Meaning: Only root and docker group can read/write the socket.

Decision: If group isn’t docker or the mode is unusual, check systemd unit overrides or distro packaging changes.

Wrong endpoint: Docker contexts, DOCKER_HOST, SSH, TLS

If Docker is running and permissions are fine, the next most likely culprit is that you’re connecting to the wrong place.
Contexts made multi-environment work sane. They also made it easy to quietly talk to a dead daemon because your shell remembered a choice.

Know the precedence rules

  • DOCKER_HOST overrides nearly everything.
  • DOCKER_CONTEXT selects a context (and overrides the “current” context).
  • The “current context” is what docker context use sets.
  • Docker Desktop often sets up a context like desktop-linux.

Switch context explicitly and verify

cr0x@server:~$ docker context use default
default
cr0x@server:~$ docker context inspect --format '{{.Name}} -> {{.Endpoints.docker.Host}}' default
default -> unix:///var/run/docker.sock

Meaning: You’re back to the local socket.

Decision: Retry the Docker command. If it works now, you just fixed a human-memory bug, not a daemon bug.

Remote over SSH: diagnose the SSH leg first

cr0x@server:~$ docker --context prod ps
Cannot connect to the Docker daemon at ssh://deploy@prod-host. Is the docker daemon running?

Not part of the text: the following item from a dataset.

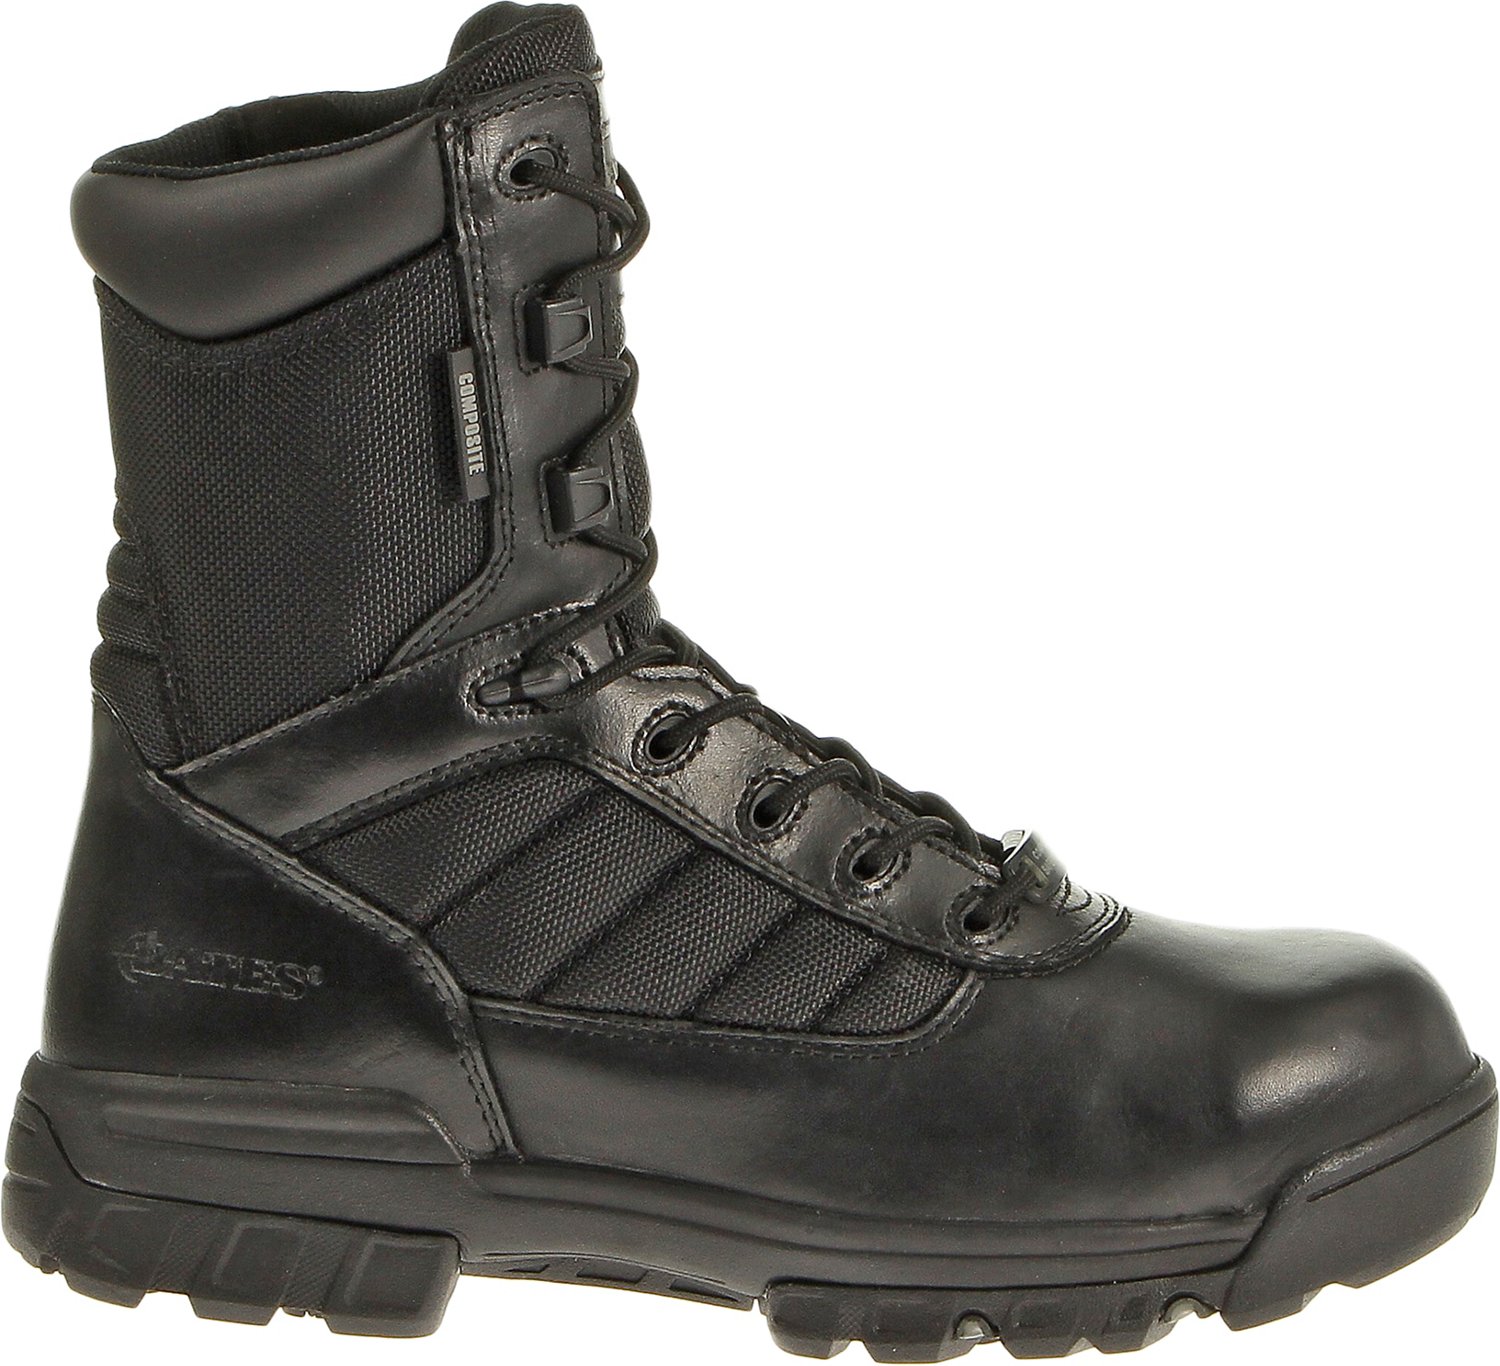 Buy Work Boots Online | Work Shoes 
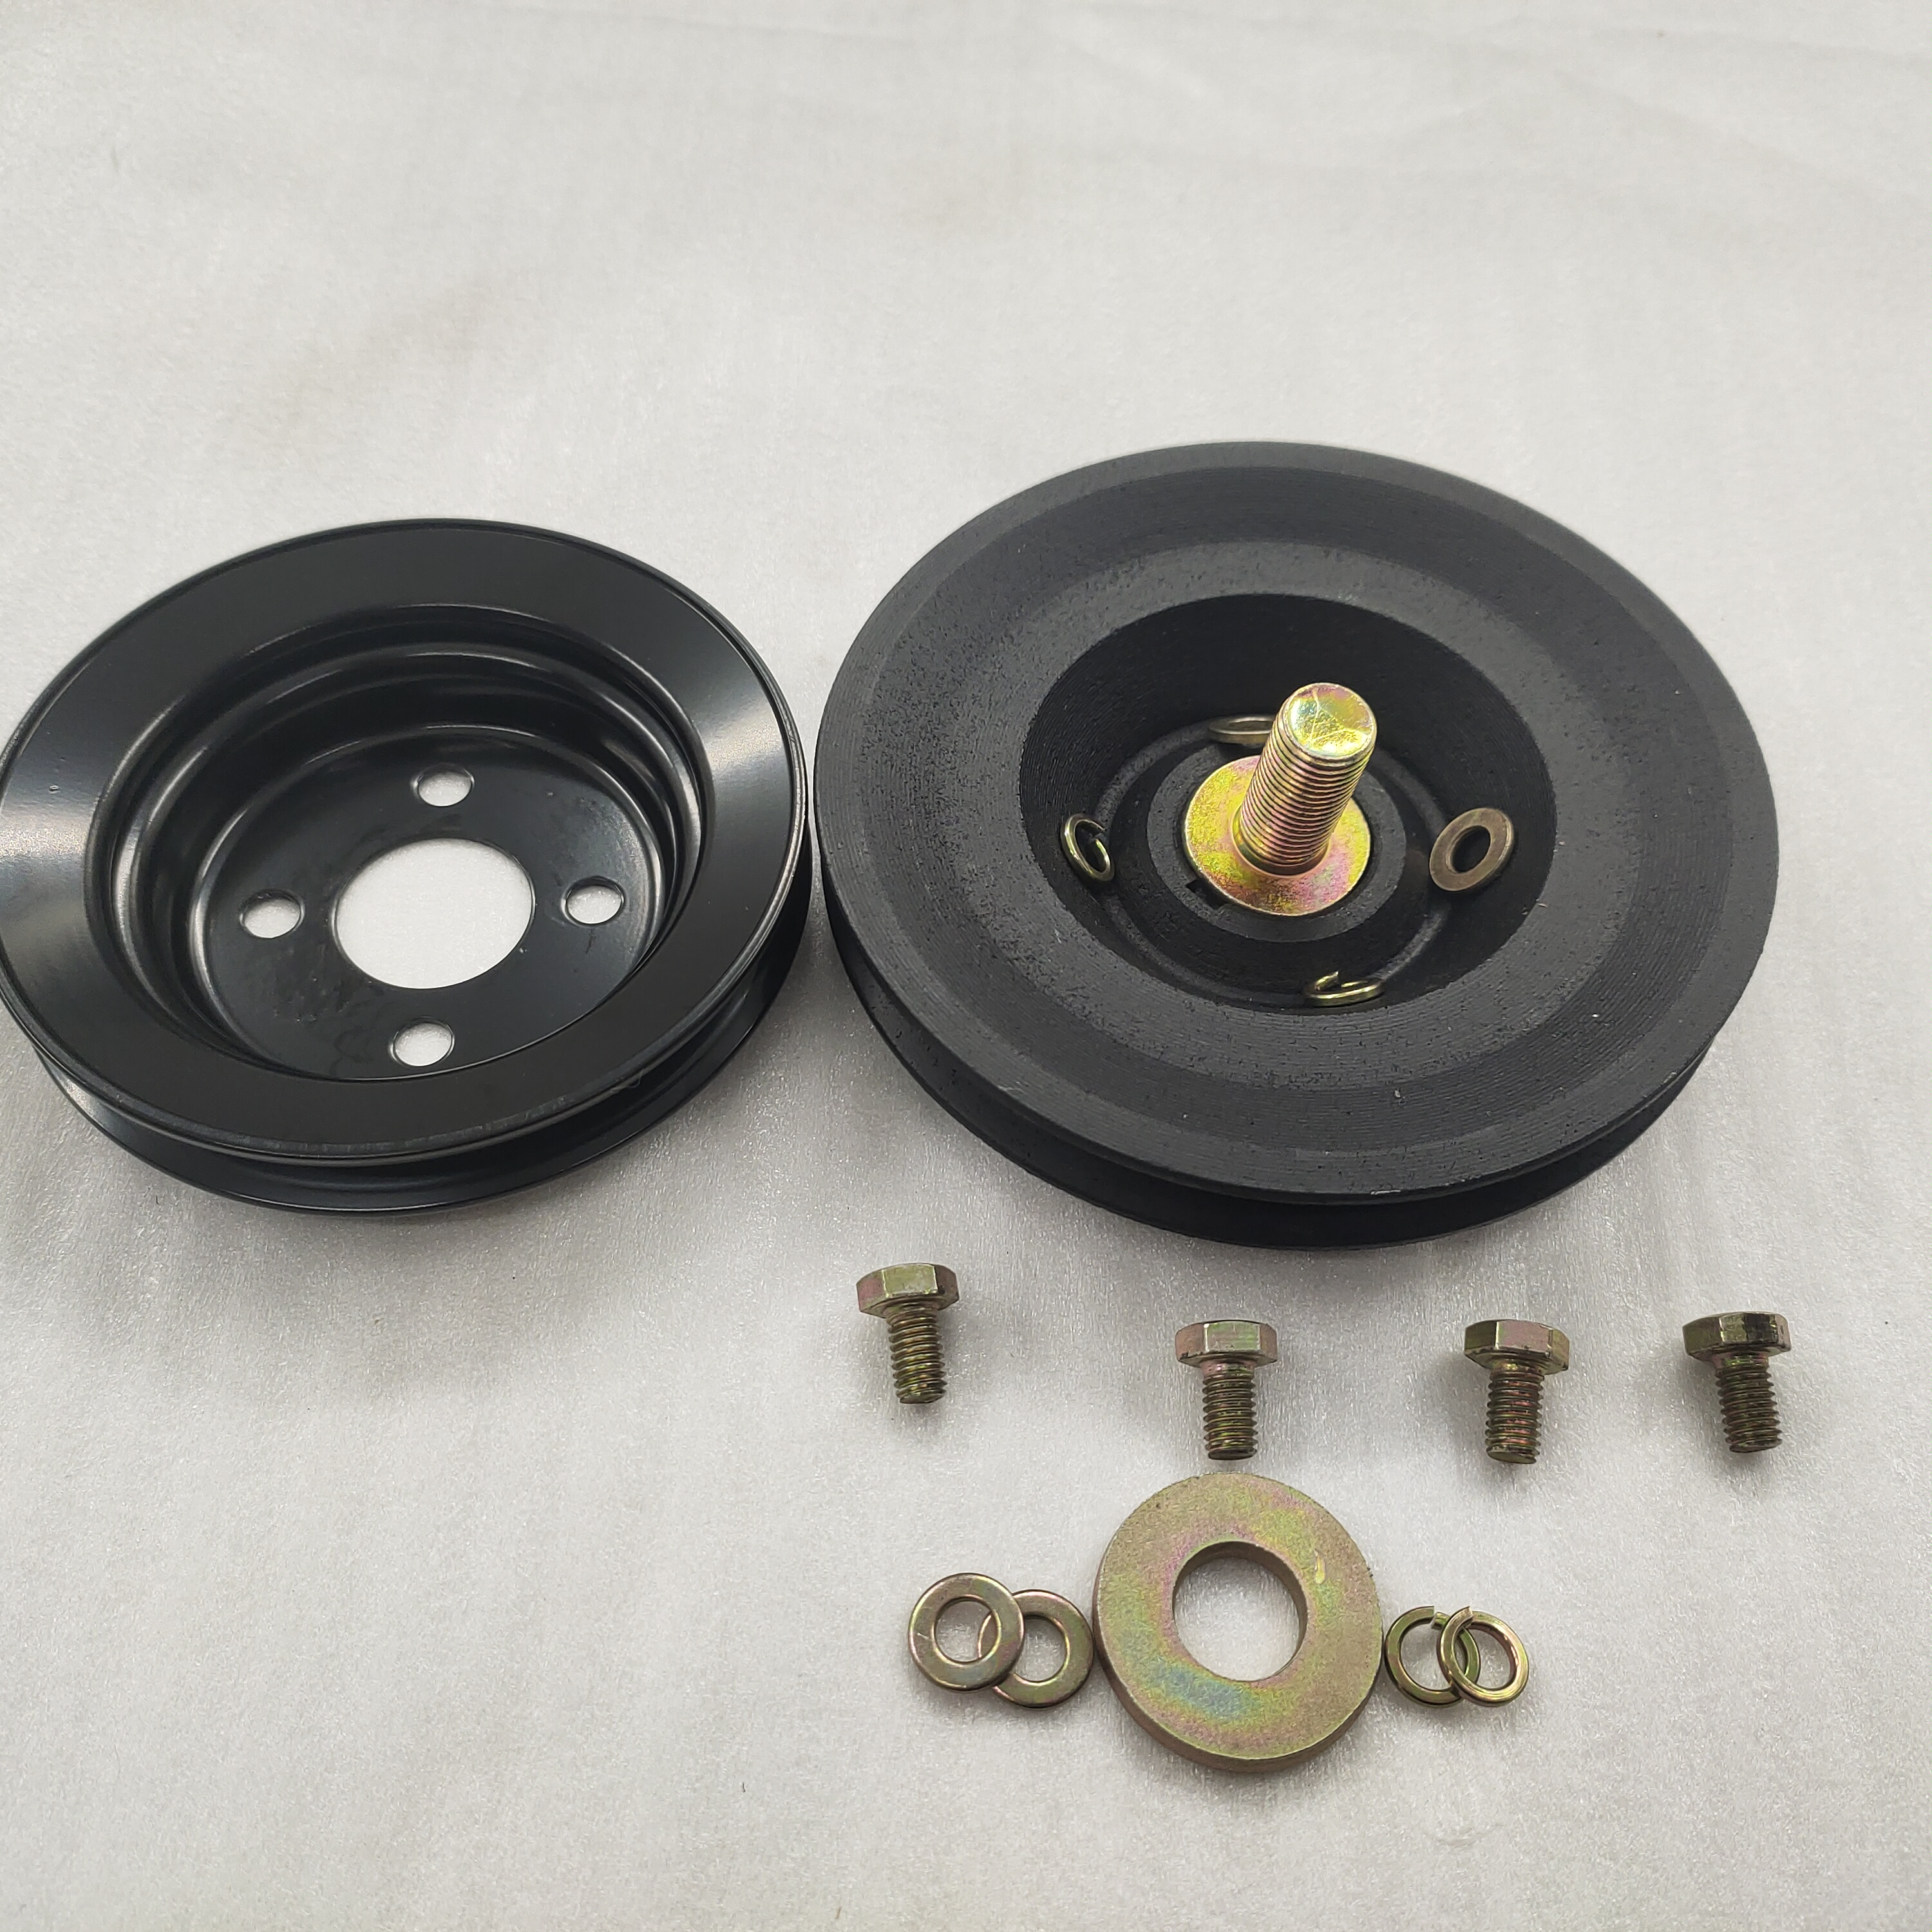 Newest Dayang Tricycle Three Wheel Truck 800cc Water-cooled Engine Parts Spare Part Pulley

cr0x@server:~$ ssh -o BatchMode=yes -o ConnectTimeout=5 deploy@prod-host 'systemctl is-active docker'
active

Meaning: Docker is active on remote, and SSH works. The remaining issue could be remote socket permissions or an SSH config mismatch.

Decision: Try running a remote docker command via SSH directly as a control test, or check whether remote user can access docker socket.

cr0x@server:~$ ssh deploy@prod-host 'docker ps'
permission denied while trying to connect to the Docker daemon socket at unix:///var/run/docker.sock: connect: permission denied

Meaning: Remote user lacks permissions.

Decision: Fix the remote user’s access (docker group or sudo policy). Don’t keep poking contexts locally.

TCP endpoints: if you must, do it like an adult

If you see tcp:// in DOCKER_HOST, be suspicious. Port 2375 is typically plain HTTP (no TLS). Port 2376 is commonly TLS.
Plain TCP Docker API is a “remote root shell” if exposed. Great for attackers. Bad for sleep.

cr0x@server:~$ echo "$DOCKER_HOST"
tcp://127.0.0.1:2375

cr0x@server:~$ curl -sS 127.0.0.1:2375/_ping
OK

Meaning: Something is listening on 2375 and responds like Docker.

Decision: If this is unexpected, remove that configuration. If it’s expected, ensure it’s bound to loopback only and preferably protected with TLS.

Docker Desktop: macOS and Windows failure modes

Desktop environments create a special kind of confusion: the Docker CLI is on your host, but the daemon is in a VM.
When Desktop breaks, you can chase phantom Linux services that don’t exist.

macOS: the daemon is not a launchd service you can “systemctl”

On macOS, Docker Desktop manages its own backend. If you get “Cannot connect,” you usually have one of:

  • Desktop app not running or stuck starting
  • context switched away from desktop-linux
  • corrupted Desktop state (rare, but real)
  • VPN/proxy/network filters interfering with VM plumbing
cr0x@server:~$ docker context ls
NAME            DESCRIPTION                               DOCKER ENDPOINT               ERROR
default *       Current DOCKER_HOST based configuration   unix:///var/run/docker.sock
desktop-linux   Docker Desktop                            unix:///Users/cr0x/.docker/run/docker.sock

Meaning: You’re on default but Desktop expects desktop-linux.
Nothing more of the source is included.